抱きしめられているから表情は見えないけれど…多分あの怖い顔をしているんだと思う。

「…抱きしめられて…頭にキスされただけよ…」

「本当に?それだけ?」

「本当だってば」

「———王子様は真面目なんだな」

頬に柔らかなものが触れた。

「…っ」

「他の男に触れられた事は?」

「ないわよ…」

「良かった」

顎に指先がかかり、顔を引き上げられ———

「間に合った」

深い黒い瞳が視界いっぱいに広がる。


「———ん…」

抗議の声をあげようにも唇を塞がれ———強く抱きすくめられて身体を動かす事も出来ない。


「…貴女に会いに来なかった…もう一つの理由」

ようやく離れた唇から吐息混じりの言葉が零れる。

「会ったら…自制できなくなるから」

もう一度———今度は優しく口づけされる。

ラウルの唇は頬、耳へと移動し、軽く耳朶に噛みついた。

「…っ…ラウル!」

「公女様にこれ以上はしないよ。俺の今の立場もあるし」

もう充分色々されているんですけれど。

「でもキスまではさせてね」

「…人の気持ち無視して…」

「フローラ様の気持ち?好きな人がいるの?」

「いないけど…あなたの事だって…」

十八年振りに会った、子供のように可愛がっていた弟子にいきなりこんな風に迫られて…この身体で初めてのキスを奪われて。

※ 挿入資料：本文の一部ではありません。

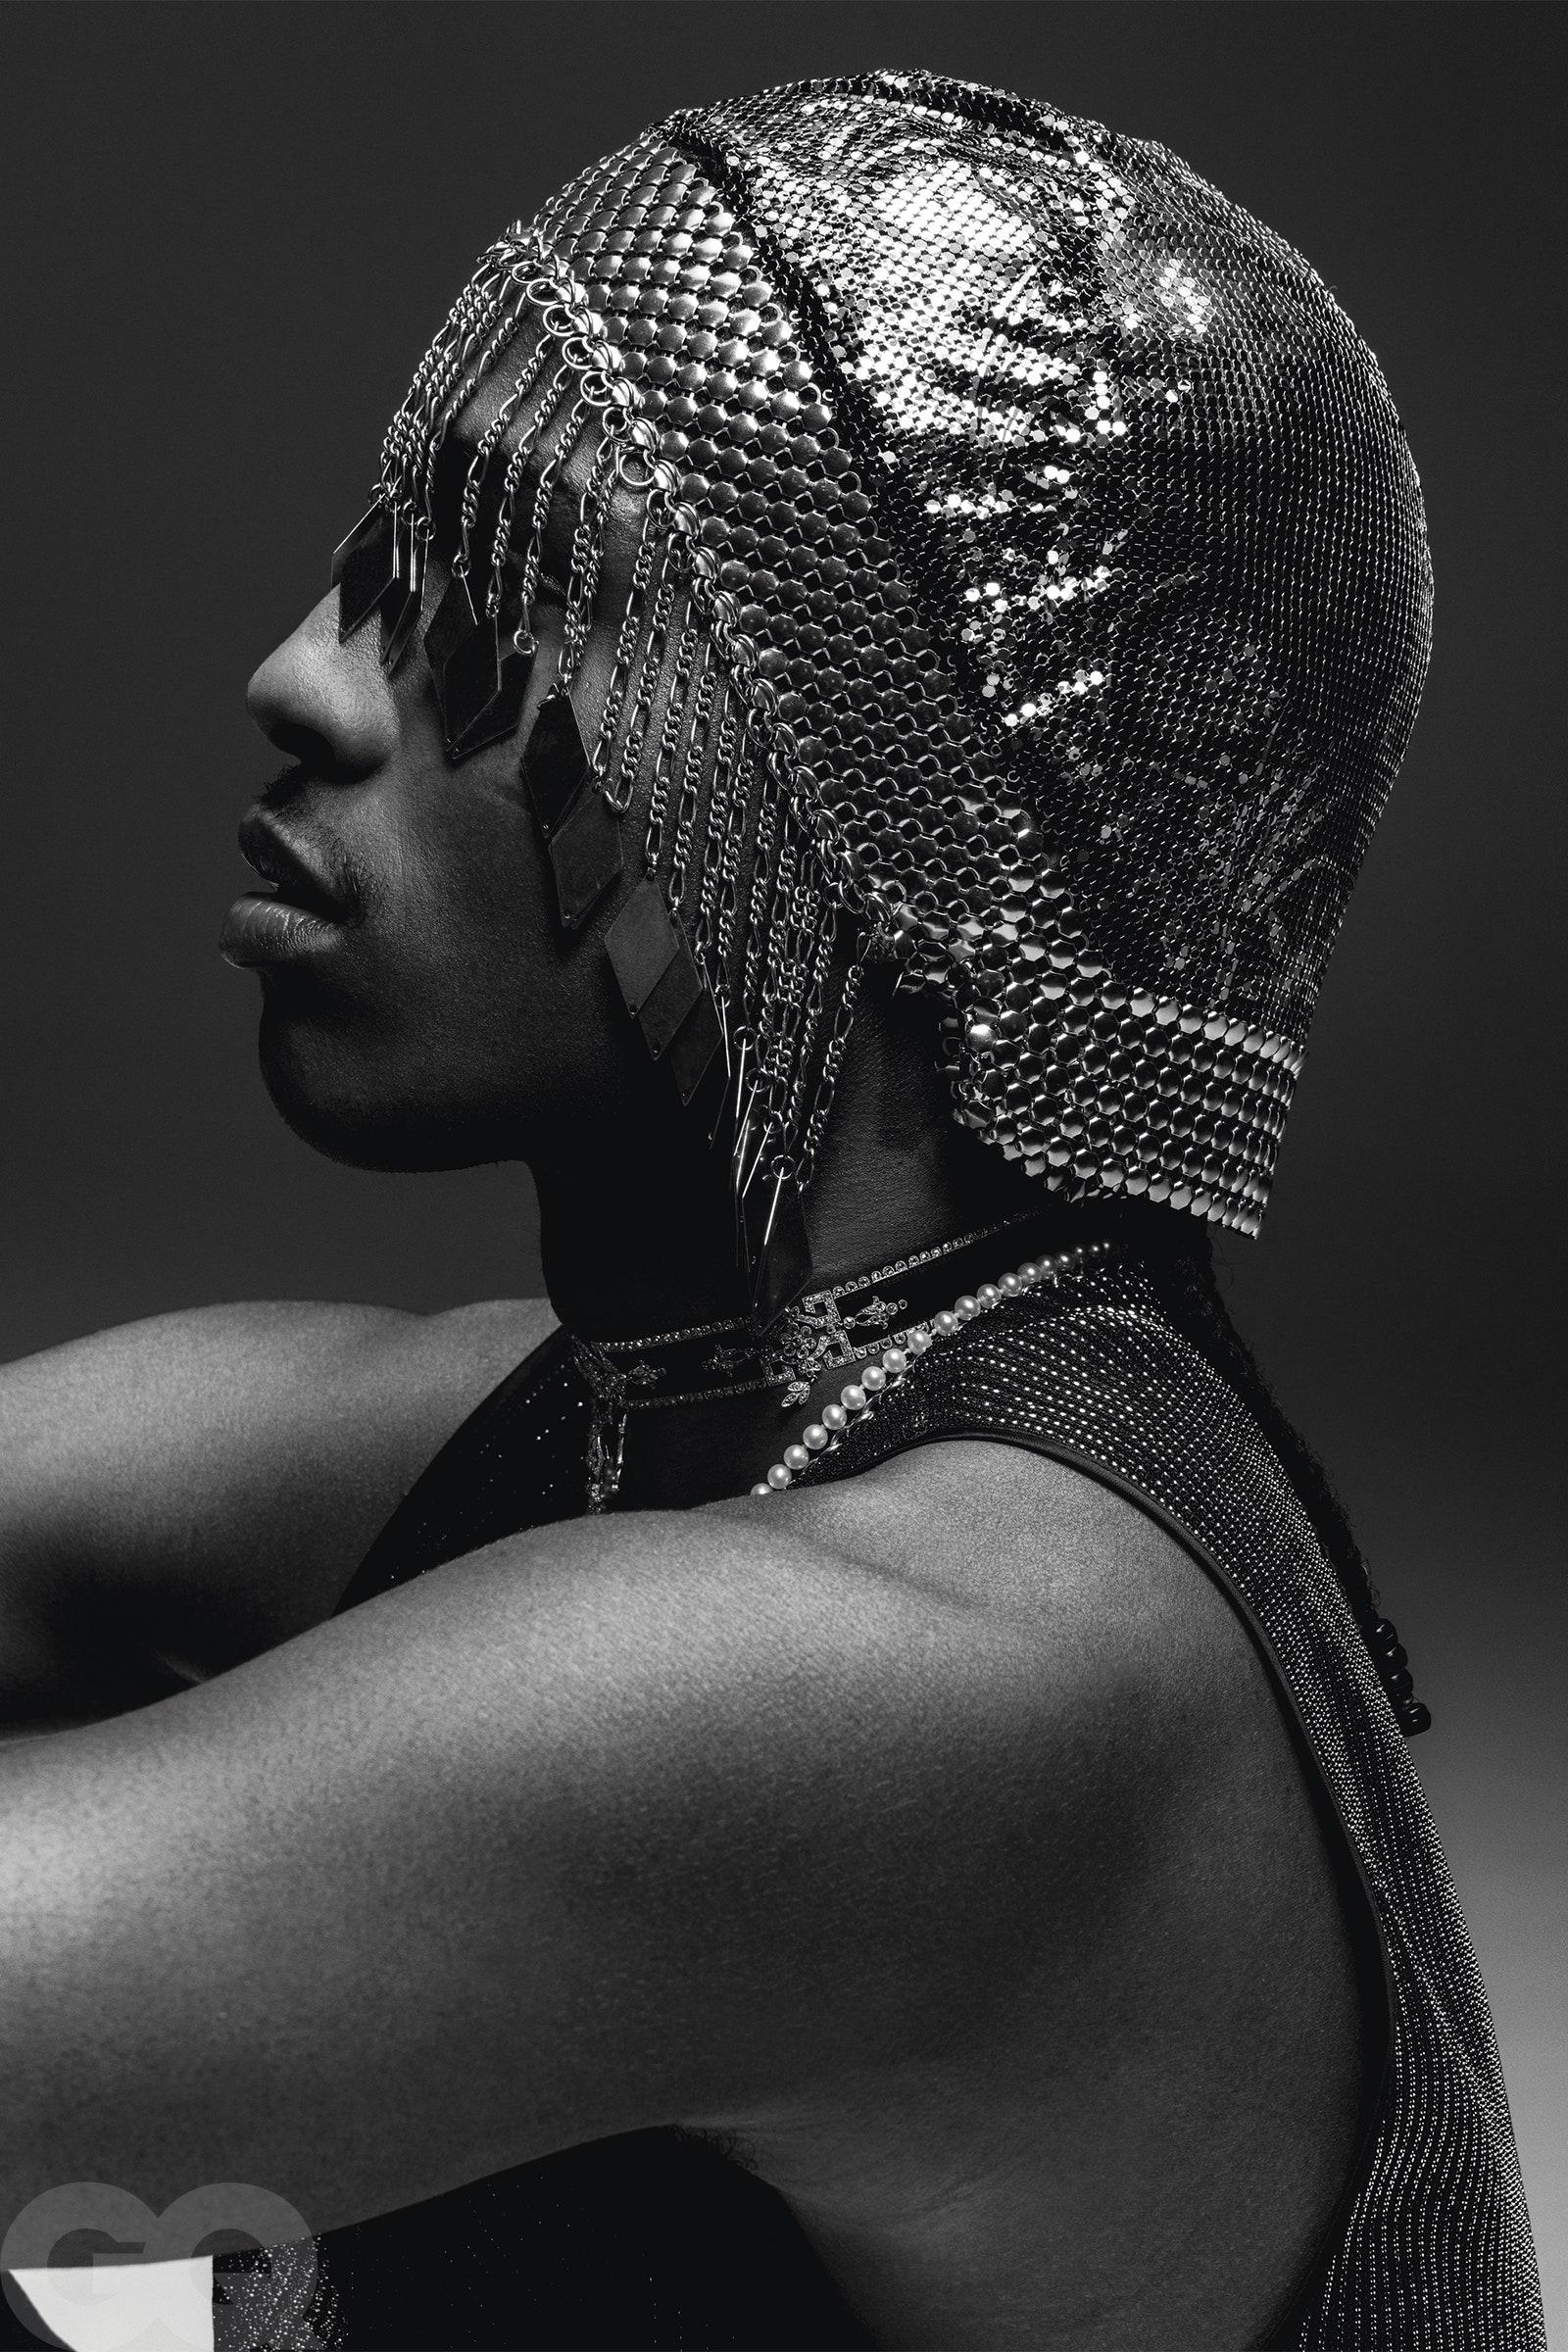 ASAP Rocky All Smiles Album Rihanna GQ Story

「じゃあこれから意識して。今は俺の方がずっと歳上なんだし」

「…断りもなくキスする人とは…」

思い出してラウルの顔を見た。

「…ねえ、前の私が寝ている時にキスしたって…どこへ…」

「もちろんここに決まってるでしょ」

また唇にキスをされる。

「———幾つの時に…」

「最初は六歳だったかなあ」

六歳!?

「…あなたって子は…」

「気がつかない貴女が悪い」

「……」

それは否定できないけれど。

「———二回の初めてのキスを同じ相手に奪われるとか…」

「え、本当に?」

あ、喜ばせてしまった…。

「嬉しいなあ」

本当に嬉しそうに顔を綻ばせると、ラウルはまた私を抱きしめた。


「ねえフローラ様。今日は泊まっていっていい?」

「ダメに決まっているでしょ」

「明日は森を調べたいんだよね」

「森を?」

「森の奥の、封印の場所まで行きたいんだ」


「え…」

私はラウルを見上げた。

「何をしに…?」

「この森にどれくらいの魔物が封印されているかの調査だよ」

「やめて…危ないわそんな事」

あの場所は私ですら近寄らないのに。

「俺こう見えても魔導師として相当強いよ?」

「そういう問題じゃないわ」

「貴女の呪いを解くのに必要なんだよ」

「だからって…あなたを危険な目に合わせてまで私は呪いを解きたいとは…」

「そういう考えはダメ」

ラウルのキスが私のこめかみに落ちる。

「行くなと言われても勝手に行くからね」

「じゃあ私も一緒に行くわ」

「大丈夫だよ俺一人で…」

「———私のために誰かが知らない所で危険な目に合うのは嫌なの」

思わずラウルの裾を強く掴む。

———お師匠様はそのせいで死んでしまったのだ。

弟子であったラウルまで同じ目にあったら私は……


「…じゃあ明日一緒に行くから。今日は泊めてね」

あ———


結局この日ラウルは泊まっていく事になった。